Metcalfe later entered politics, representing the Kentucky in both houses of the United States Congress. He was also elected the state's tenth governor, inhabiting the executive mansion he helped build. Throughout his political career, he retained the nickname "Stonehammer" Metcalfe, an allusion to his earlier trade of which he remained very proud.

Locations may be seen in map displayed by following link labelled "Map of all coordinates using OpenSourceMap" on the right side of this page.

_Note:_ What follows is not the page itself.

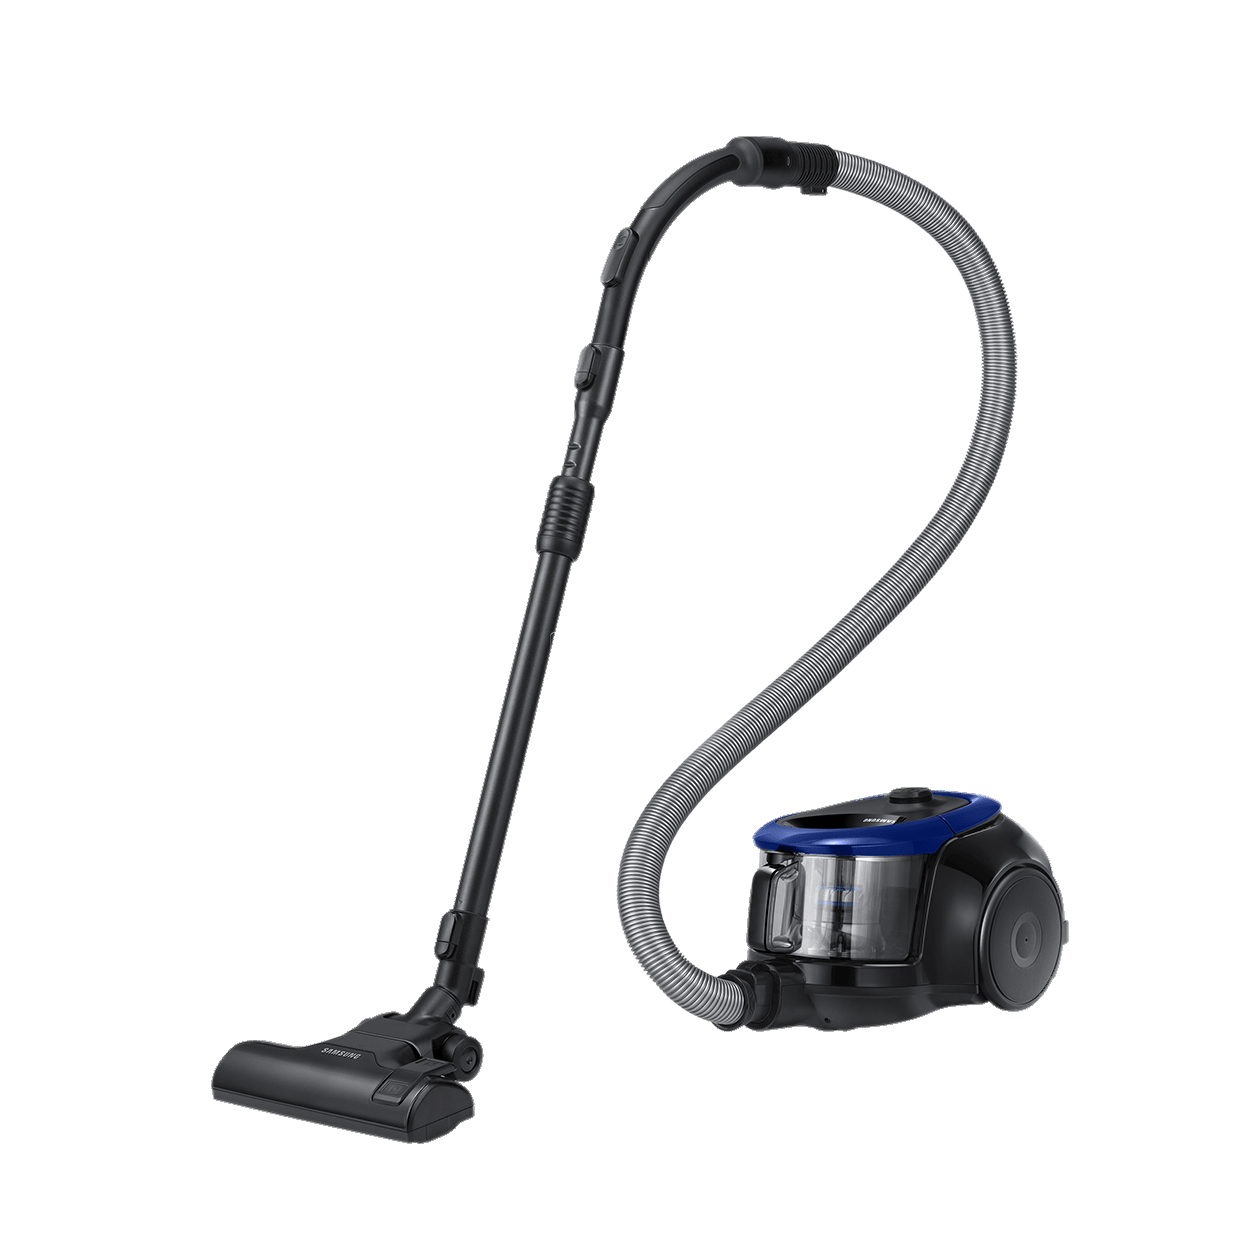 Vacuum Cleaner Png Picture 60209 1056x658 Pixel
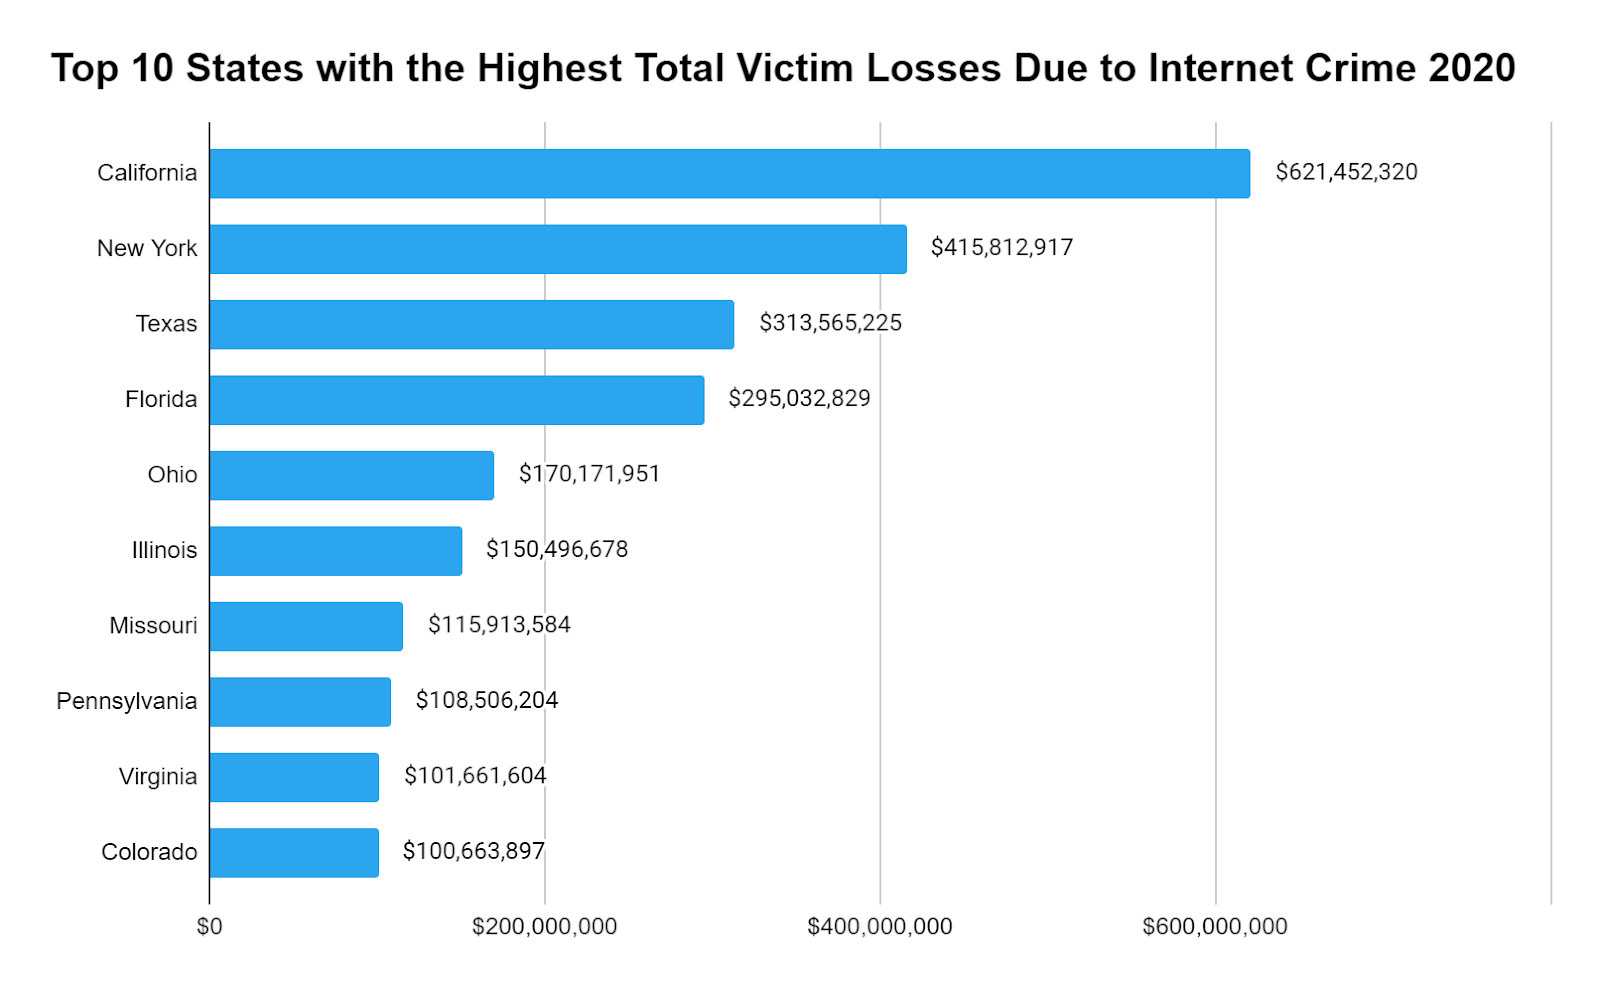 Top 10 states with highest total victim losses due to internet crime in 2020

| Name | Image | Built and other dates | Address | Notes |
|---|---|---|---|---|
| Joel Frazer House |  | 1810 built | Off KY 982 near Cynthiana, Kentucky 38°22′14″N 84°17′29″W﻿ / ﻿38.37045°N 84.29139°W | A three-bay stone building, one-and-a-half stories tall, located on the bank of the South Fork of the Licking River. |
| Ephram Harrod House |  |  | Off U.S. 460 in Bourbon County near North Middletown, Kentucky 38°10′17″N 84°07′23″W﻿ / ﻿38.171389°N 84.123056°W | "Unsurpassed in Ky. for the historic and architectural value because of the workmanship and original condition" |
| James Lindsay–William Trotter House |  | c.1800 built | US 62, Scott County, Kentucky near Georgetown, Kentucky 38°08′15″N 84°37′43″W﻿ / ﻿38.13750°N 84.62870°W |  |
| McKee-Vimont Row Houses |  | 1809 built | Main Street in Millersburg, Kentucky 38°17′57″N 84°09′01″W﻿ / ﻿38.29911°N 84.15023°W | Two side-by-side stone houses, believed to have been built by Thomas Metcalfe or his older brother John, with finely dressed native limestone. The larger house, on the left, was built in 1809 and has "one of only two exterior arched wooden doorframes found in Kentucky on stone houses". |
| Thomas Metcalf House |  | c. 1810 built | Willie Curtis Rd. and Cedar Creek Rd., Robertson County 38°29′49″N 84°5′38″W﻿ / ﻿38.49694°N 84.09389°W | Constructed by Metcalfe for his family after his marriage in 1806 |
| Davis Newman House |  | 1795 built | W of Spears in Spears, Kentucky |  |
| Old Governor's Mansion |  | 1797 built | 420 High Street in Frankfort, Kentucky 38°11′58″N 84°52′25″W﻿ / ﻿38.19940°N 84.87368°W | Kentucky's first governor's mansion; Metcalfe lived here during his gubernatorial term from 1828 to 1832 |
| Poague House |  |  | Parker Lane near Mays Lick, Kentucky 38°31′39″N 83°49′09″W﻿ / ﻿38.52747°N 83.81911°W |  |
| Erasmus Riggs House |  | 1820 built | Off KY 13 near Carlisle, Kentucky |  |
| Jacob Spears House |  | 1810 built | SR 1876 in Shawhan, Kentucky |  |
| West Union Presbyterian Church |  | 1810 built | 108 South 2nd Street in West Union, Ohio 38°47′36″N 83°32′38″W﻿ / ﻿38.79328°N 83.54376°W | Metcalfe helped build its walls. |
| Hubbard Williams House |  |  | Off KY 32/36 in Millersburg, Kentucky |  |
| Old Courthouse | A two-story limestone building with two chimneys and a United States flag flying in front | 1804 built | Main St., Greensburg, Kentucky 37°15′38″N 85°30′06″W﻿ / ﻿37.26053°N 85.50163°W | Oldest courthouse west of the Allegheny Mountains. |
| Forest Retreat |  | 1795 built | 38°20′16″N 84°03′32″W﻿ / ﻿38.33775°N 84.05902°W | Metcalfe's estate, which he helped build in 1795, and where he lived in later life and is buried. |

In addition to the structures above, some structures locally attributed to Metcalfe may have been works of his half-brother, John Metcalf III.